Unify producer batching across all read blocks (#400) by spicy-sauce · Pull Request #401 · datayoga-io/datayoga

spicy-sauce · 2026-05-28T14:27:55Z

Closes #400. Side-effect closes #293, #294, #295, #296, #377.

Summary

Move batching out of individual producer blocks into the Producer base class so every read block has consistent batch_size behavior, and three buggy producers stop yielding single records.

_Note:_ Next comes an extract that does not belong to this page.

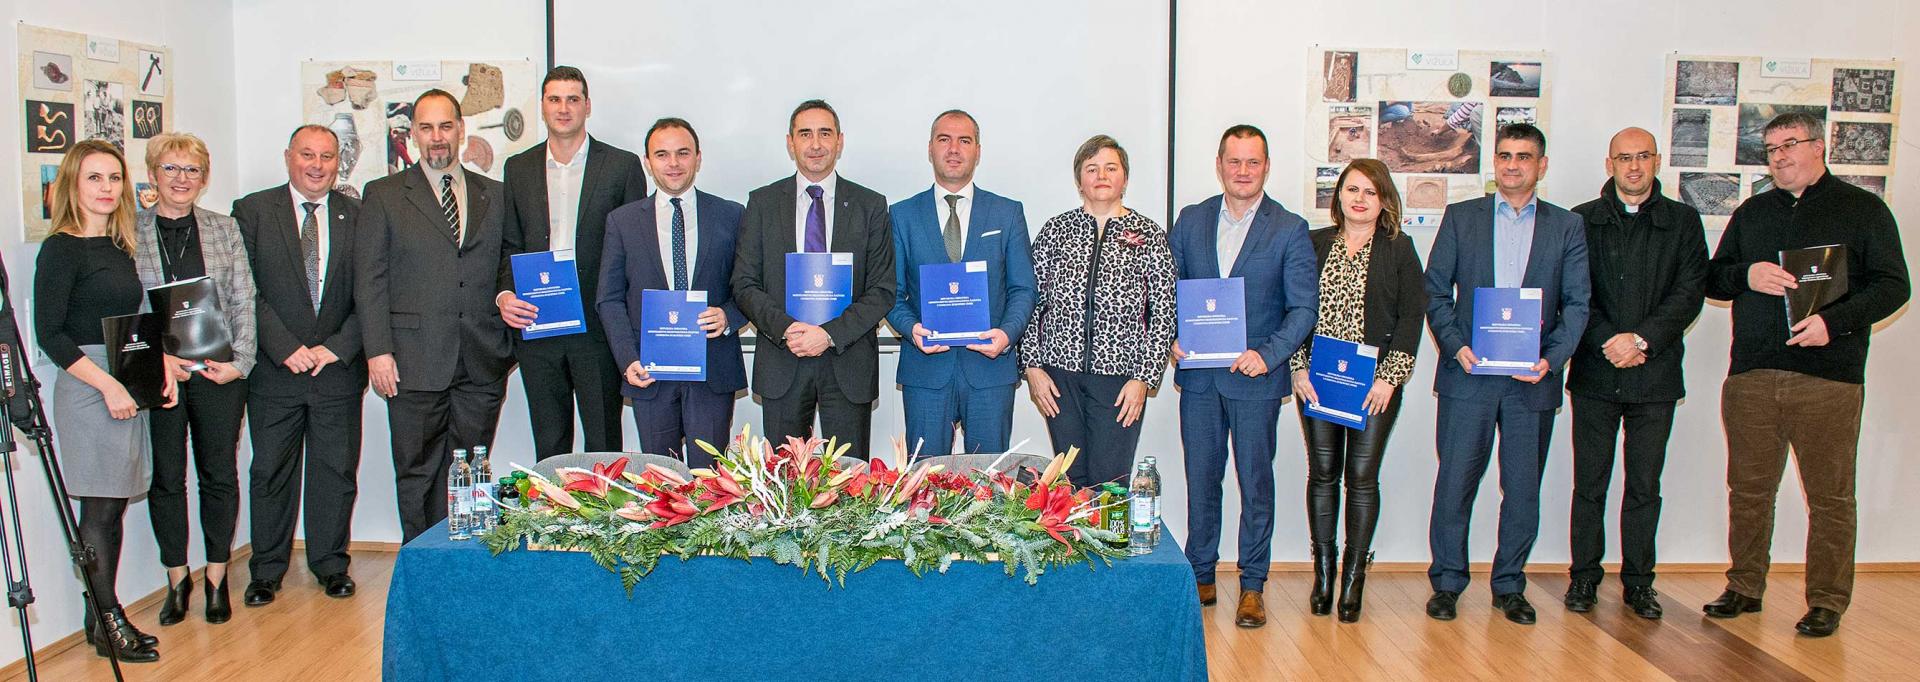 U medulinskom Multimedijalnom centru održano svečano potpisivanje Ugovora između Ministarstva regionalnog razvoja i fondova Europske unije i jedinica lokalne samouprave sa područja Istarske županije
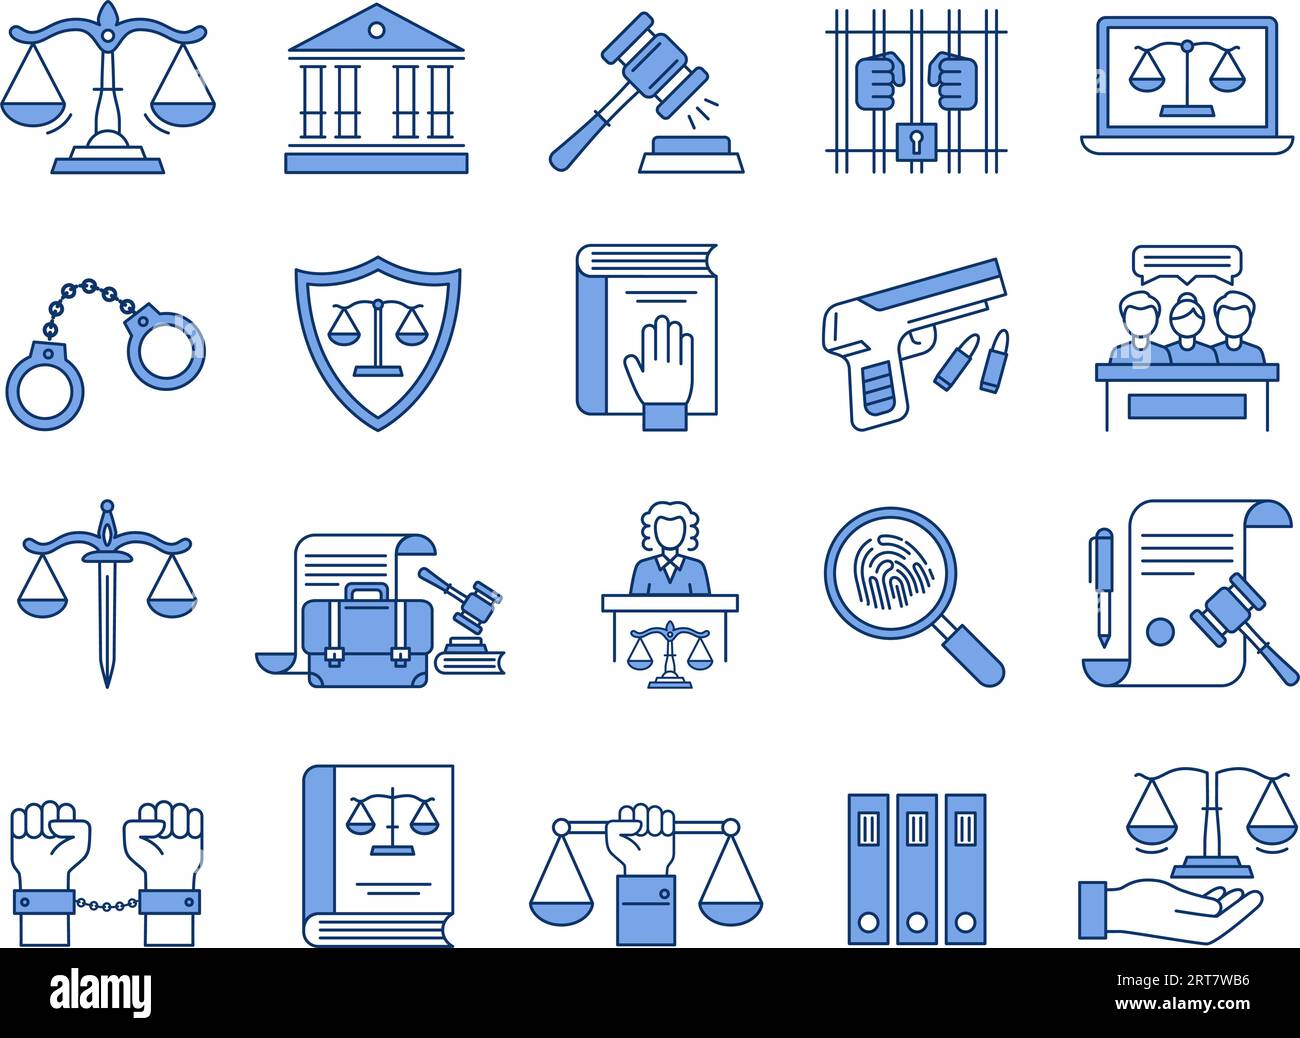 Regelsymbole. Symbole für Justiz, Gericht und Anwälte. Richter-Hammer, rechtliche Dokumente und Gefängnis lineare Vektor-Illustration-Set Stock Vektor

New Producer.produce_chunks() override hook; base produce() re-chunks subclass output into batches of up to batch_size (smaller on EOS or flush_ms), with bounded backpressure (asyncio.Queue(maxsize=1)) and source-error propagation.
Schema fragments (batchable.schema.json, streamable.schema.json) + new $inherit convention resolved at load time by schema_utils.resolve_inherits (wired into Block.get_json_schema and Job.get_json_schema).
7 producers migrated: std/read, files/read_csv, parquet/read, relational/read, redis/read_stream, http/receiver, azure/read_event_hub.
relational/read gains a separate fetch_size (default 10000) so DB round-trip size stays independent of pipeline batch_size.
generate-docs.sh resolves $inherit before jsonschema2mk (stdlib-only Python, no datayoga_core import) so per-block reference docs render inherited properties.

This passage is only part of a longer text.